Когда через несколько минут она подняла голову стены были пусты. Осталась только ее собственная тень, скорчившаяся неподалеку. Тихо колыхалось пламя свечей, и Кира вздрогнула, когда из столовой донесся бой часов, возвещающих о наступлении четвертого часа. Она кое-как встала, подошла к окну и отодвинула штору. Ночь уже начинала утрачивать свою густоту, и неслышными шагами к ее границе подступал рассвет. Кира выпустила штору, отошла к стене и зажгла свет, потом начала ходить по квартире, гася свечи и убирая канделябры. Ее глаза тускло, невидяще смотрели перед собой.
Черные тени на стенах ее квартиры — тени пропавших людей. Среди них Юля, значит, это действительно так. Наверное, все эти люди действительно мертвы, и может, именно поэтому такими живыми кажутся их тени. Но сейчас не это важно, и даже страшные черные клыкастые стражи не важны, хоть все это и чертовски напоминает охраняемый псами концлагерь… Важно то, почему Вика среди них.

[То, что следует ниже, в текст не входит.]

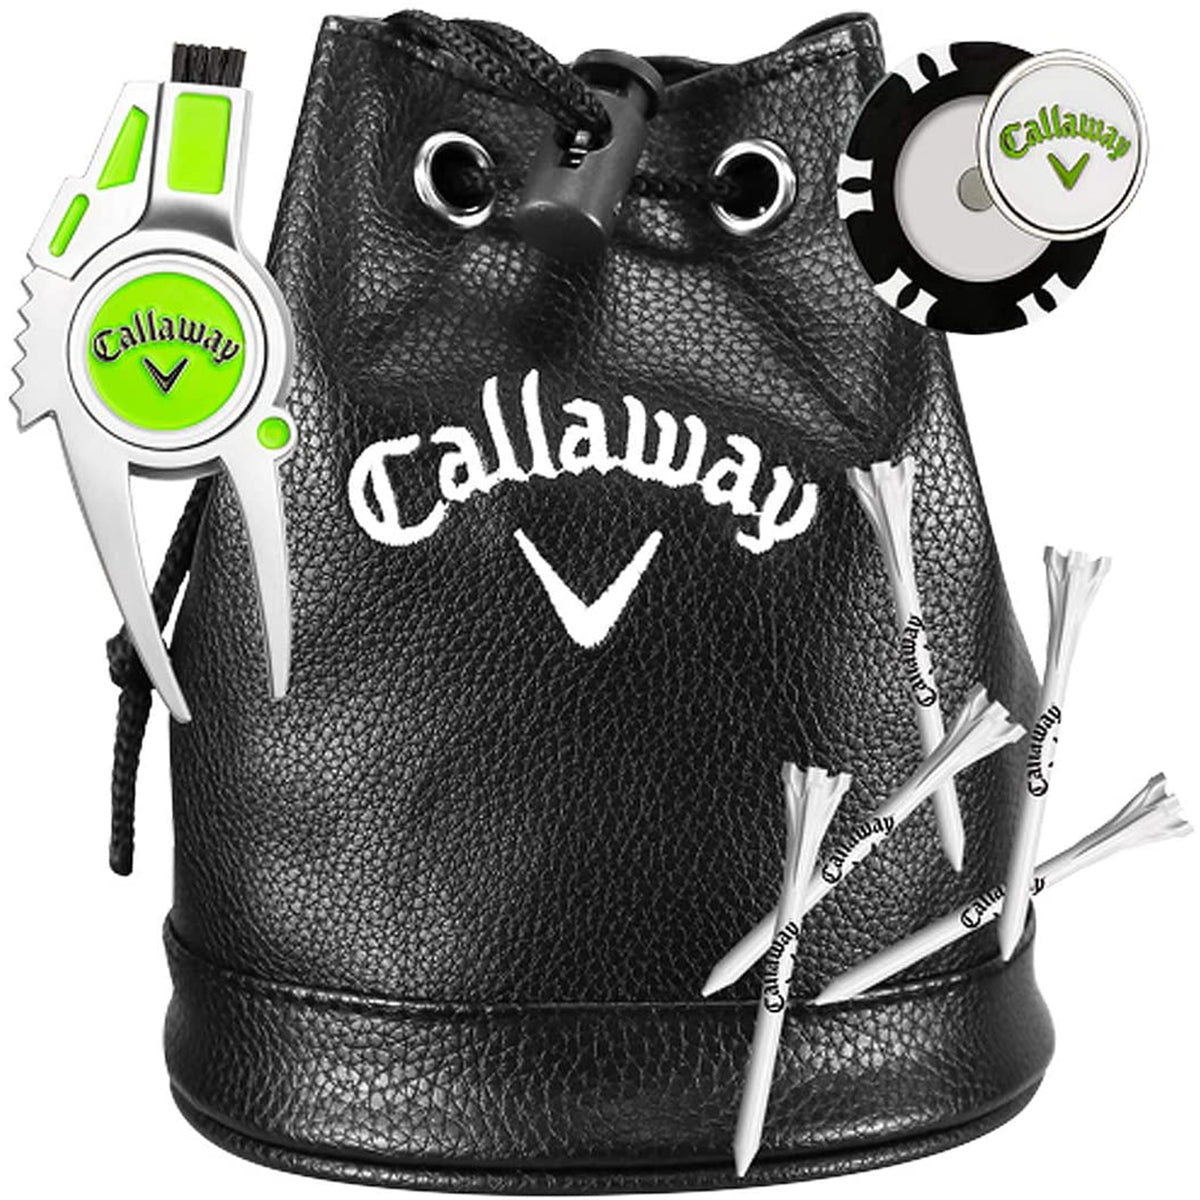 Callaway VIP Golf Gift Set Izzo

Почему ее тень теперь тоже черна и словно живет сама по себе — слышит ее голос и знает свое имя… Да, Вика тоже пропала, но ведь она не имеет никакого отношения к этому месту. И ведь бабка — бабка-то умерла! Больше некому теперь — некому… или все-таки кто-то остался? Может, тот же, кто и Владу убил? Может, и ее тень где-то тут, если поискать… нет, ну что это — тени туда-сюда носят, что ли?!.. но может, тут уже и тень Сергея?..

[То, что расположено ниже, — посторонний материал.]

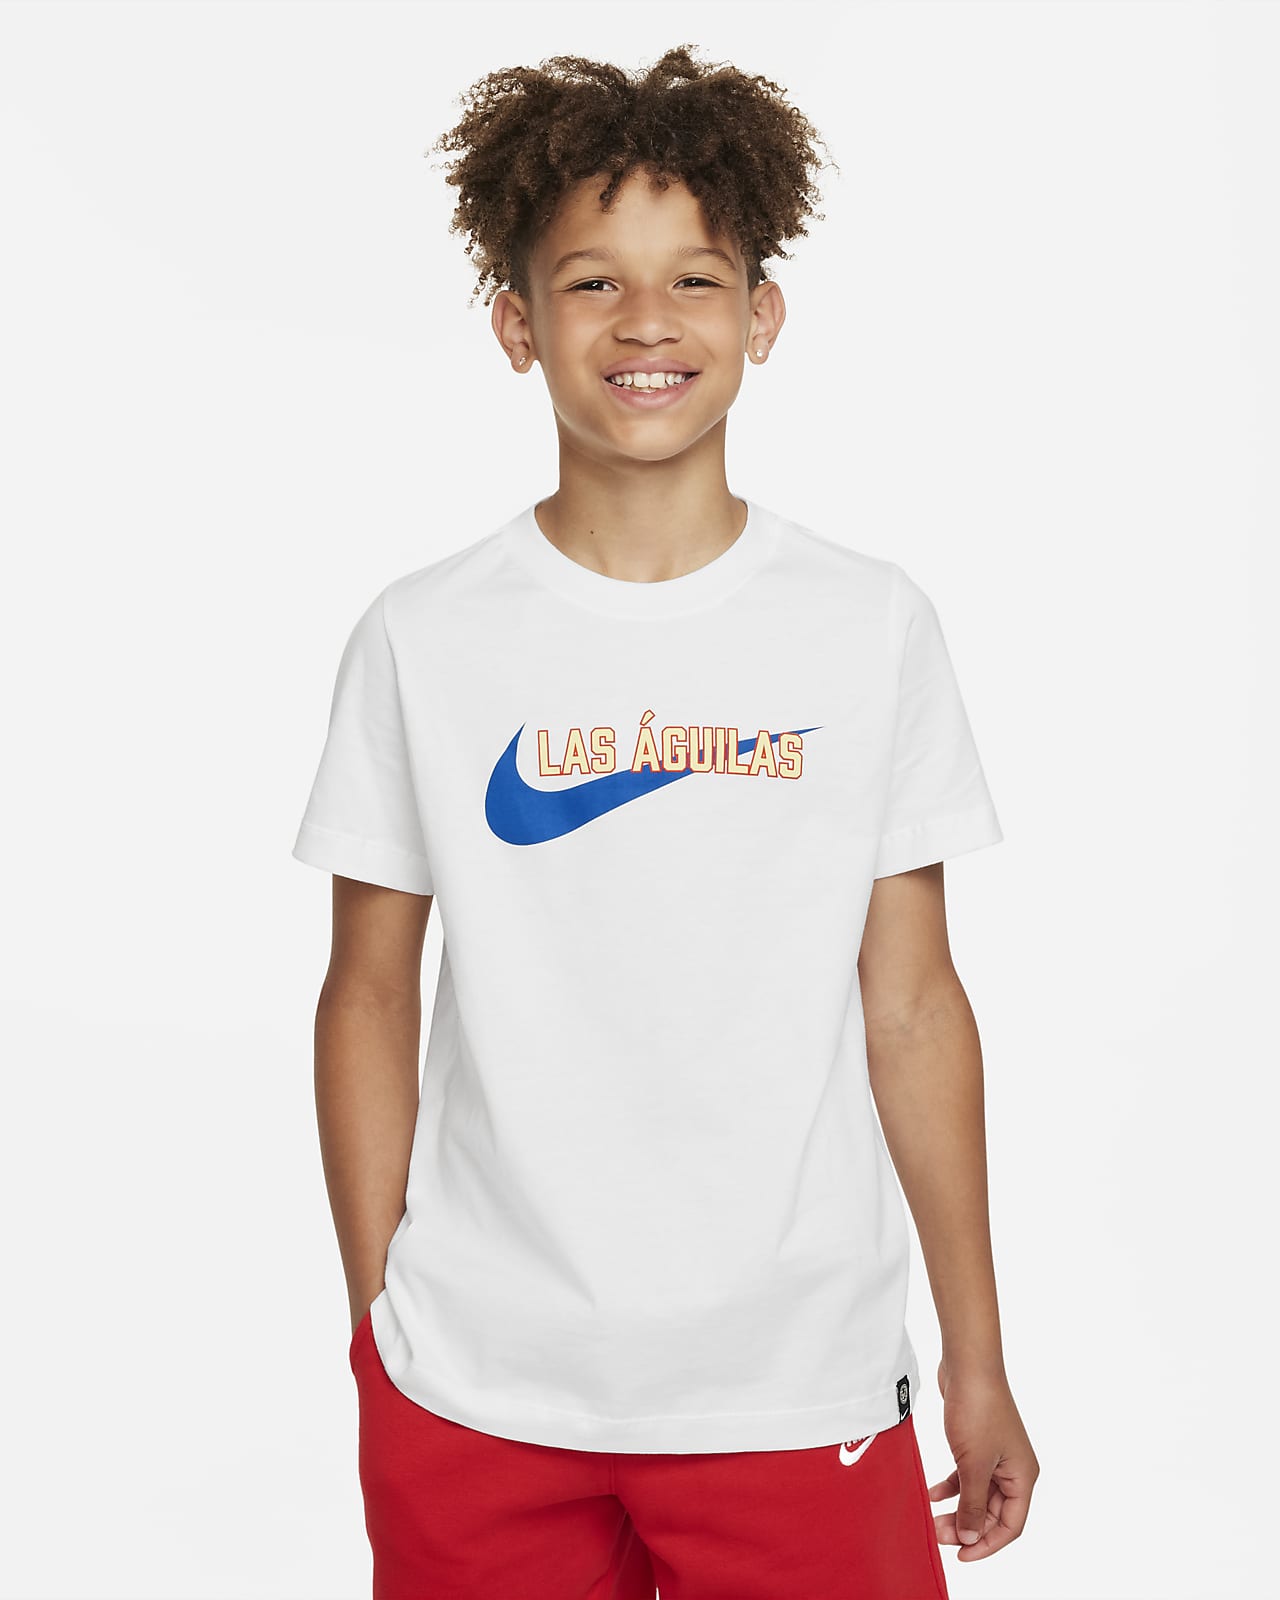 Club América Big Kids' Nike Soccer T-Shirt

Кира замотала головой и ничком повалилась на диван. Одна ее рука свесилась к полу, и она тут же резко села, вспомнив, что именно так совсем недавно лежала на нем Влада. Нет, она точно стала параноиком! А все… все что творится на этих стенах — не находятся ли все же эти стены лишь в ее собственном мозге?! Но Вадим ведь тоже видел… да нет, одно большое счастливое сообщество сумасшедших! А всех пропавших людей просто убили. А Вику…
Да, а что Вику?
Она снова ткнулась лицом в диван, потом повернулась набок, просунув пальцы в щель между спинкой и сиденьем и царапая ногтями край обивки. Ее пальцы бессознательно ползали туда-сюда, с треском раздирая ветхие нитки, и вдруг зацепились за что-то, чего порвать не смогли — какая-то более толстая и крепкая нитка. Раздосадованная этим, Кира зло рванула ее на себя, и та податливо вытянулась из щели. Это была не нитка, а тонкая золотая цепочка. Кира удивленно вскинула брови и машинально потрогала собственную на шее — да нет, на месте, да и плетение у нее совсем не такое.

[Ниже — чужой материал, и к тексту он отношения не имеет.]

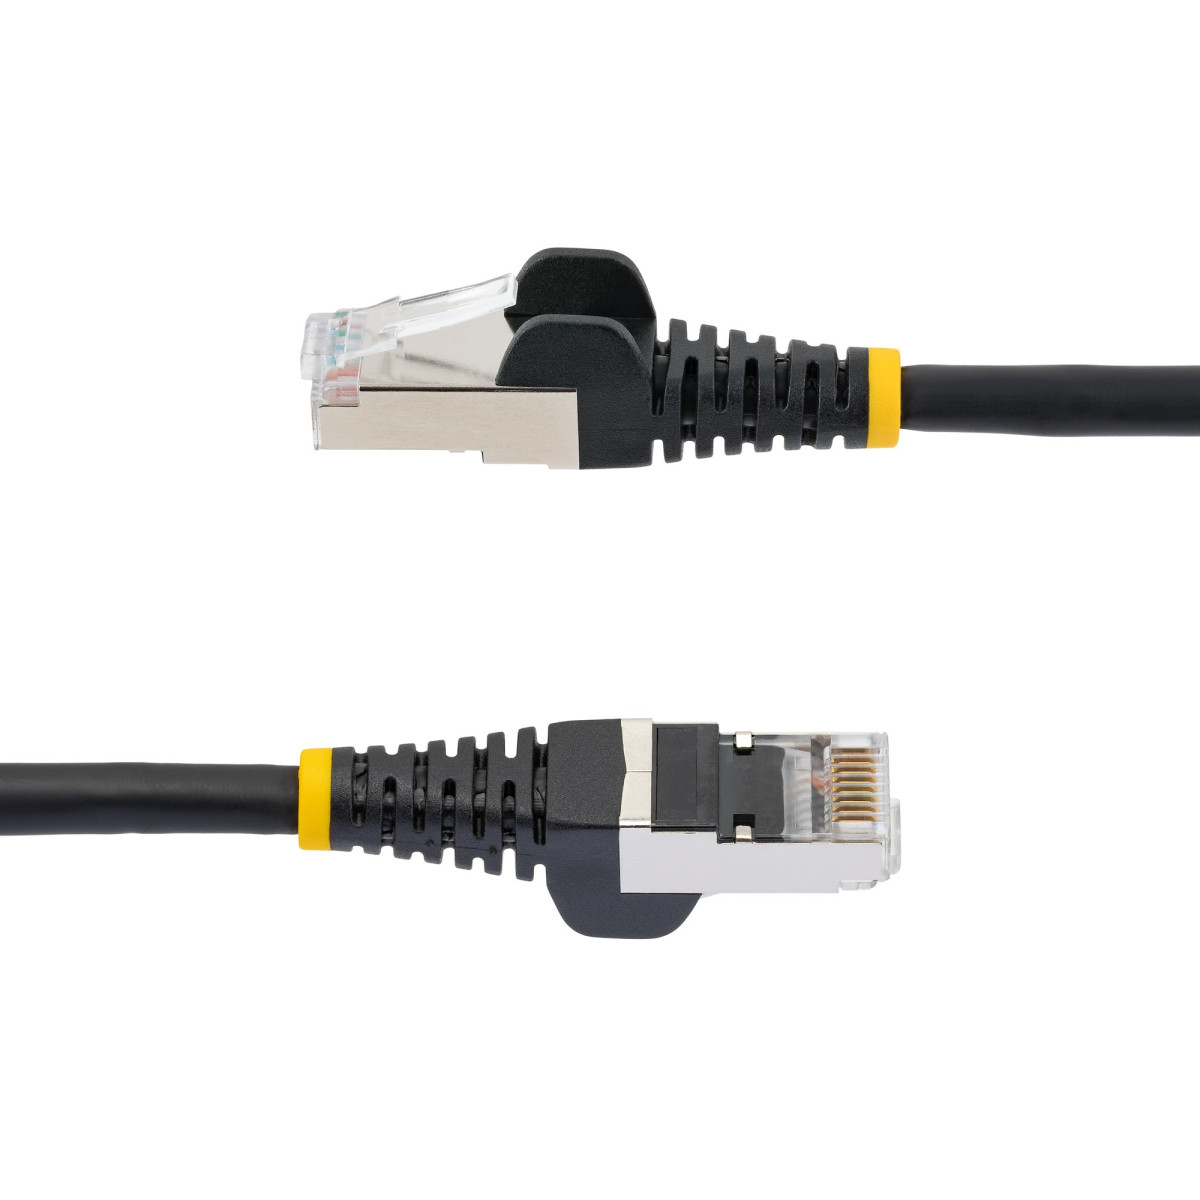 10m LSZH CAT6a Ethernet Cable - Black

Она осторожно вытянула цепочку наружу. Та была порвана возле самой заходящей в замок петельки. Кира приподняла цепочку за звенышко, и та закачалась в воздухе, и вместе с ней закачалась маленькая золотистая подвеска в виде ящерицы, съехавшая к самому замку.
Минутку, но ведь это Викина цепочка — она столько раз на ней ее видела! Наверное, Минина обронила ее во время одного из своих бурных свиданий… подождите! Ведь в тот день, когда они разругались, цепочка была на Вике. А Стас сказал, что Вика сюда не приходила в тот день. И вообще больше не приходила. Тогда откуда здесь ее украшение?!
Стас солгал ей. И Касенко он тоже солгал. Почему? С какой стати ему скрывать, что Вика была здесь сразу же после ссоры с Кирой? Боялся, что придется рассказать ту нелепую Викину историю?
А что, если эта история вовсе не такая уж нелепая? Что, если Вика была права, и Стас действительно…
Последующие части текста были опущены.